Forest fires are spreading across the Indian Himalayan state of Uttarakhand in what officials fear could prove to be one of the worst fire seasons in years.
The Uttarakhand forest department has recorded 1,500 fire incidents in the state so far this year, with blazes intensifying in April as northern India’s hot, dry summer approaches.
The Himalayan region faces forest fires in the first half of every year, a combination of factors including rising temperatures ahead of summer and crop-stubble burning as part of local agricultural practices.
But scientists say that what appears to have been a particularly dry winter, perhaps the driest of the last decade, has exacerbated blazes across the mountains. Neighbouring Nepal has also faced a severe fire season, leaving the capital Kathmandu enveloped in smog.
Uttarakhand, around two-thirds of which is forested, has deployed thousands of personnel to try to control the fires. But locals fear this is becoming a new normal.
The forest “is the big wealth of Uttarakhand.
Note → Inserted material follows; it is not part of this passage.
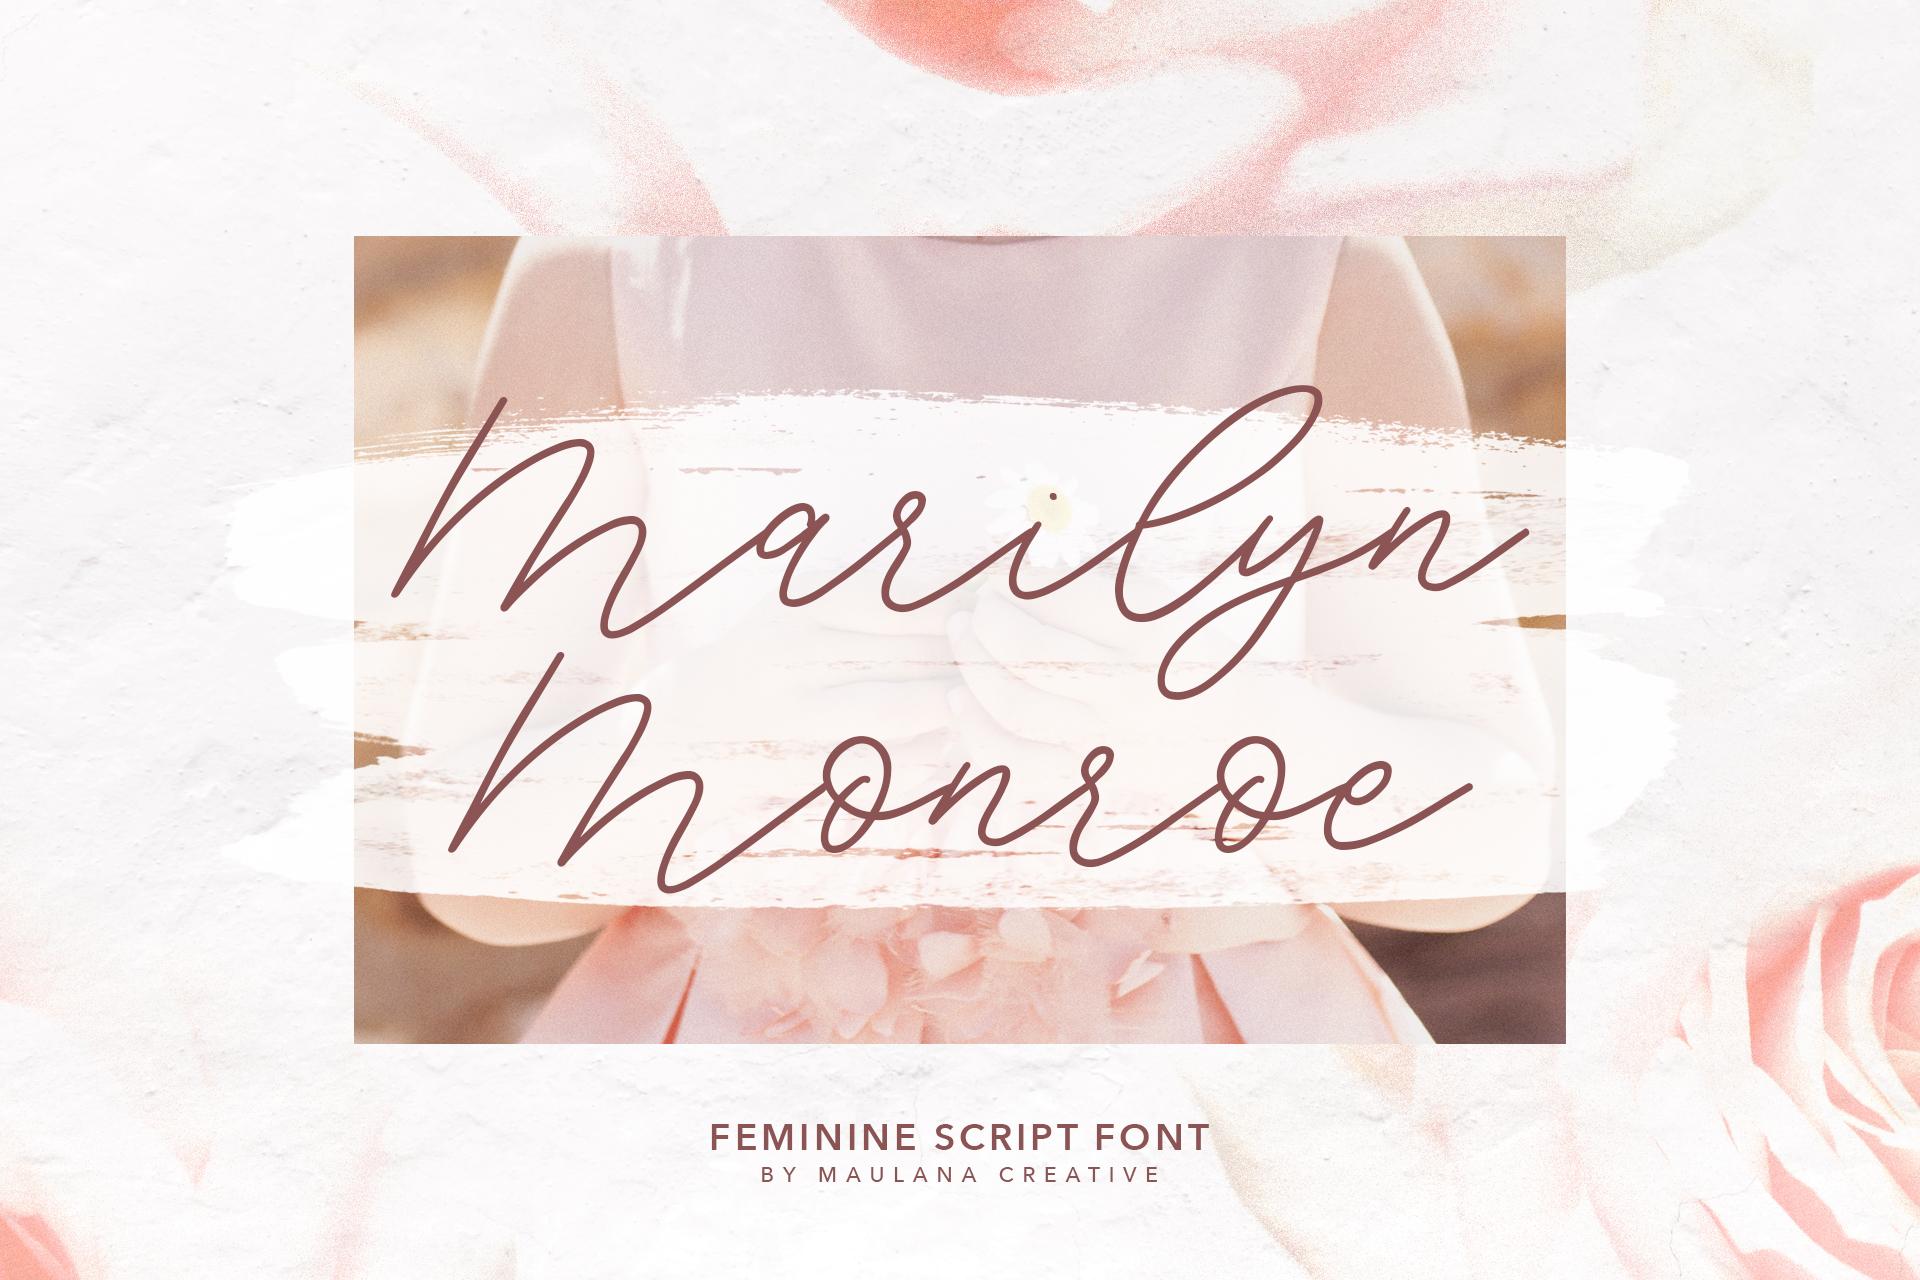 Southwide Feminine Script Font example image 9

It’s our main resource,” said Atul Sati, an environmental activist based in the state. “If we lose it, it’s not only a loss for Uttarakhand, it’s a loss for India and the world.”
Fast population growth in the region is adding to pressures on Himalayan forests, with the increase in agricultural activity making it harder to manage burning.
“We’re degrading the natural environment,” said Iqbal Mead of the Nepal-based International Centre for Integrated Mountain Development. “There are fewer and fewer places we can call wild.”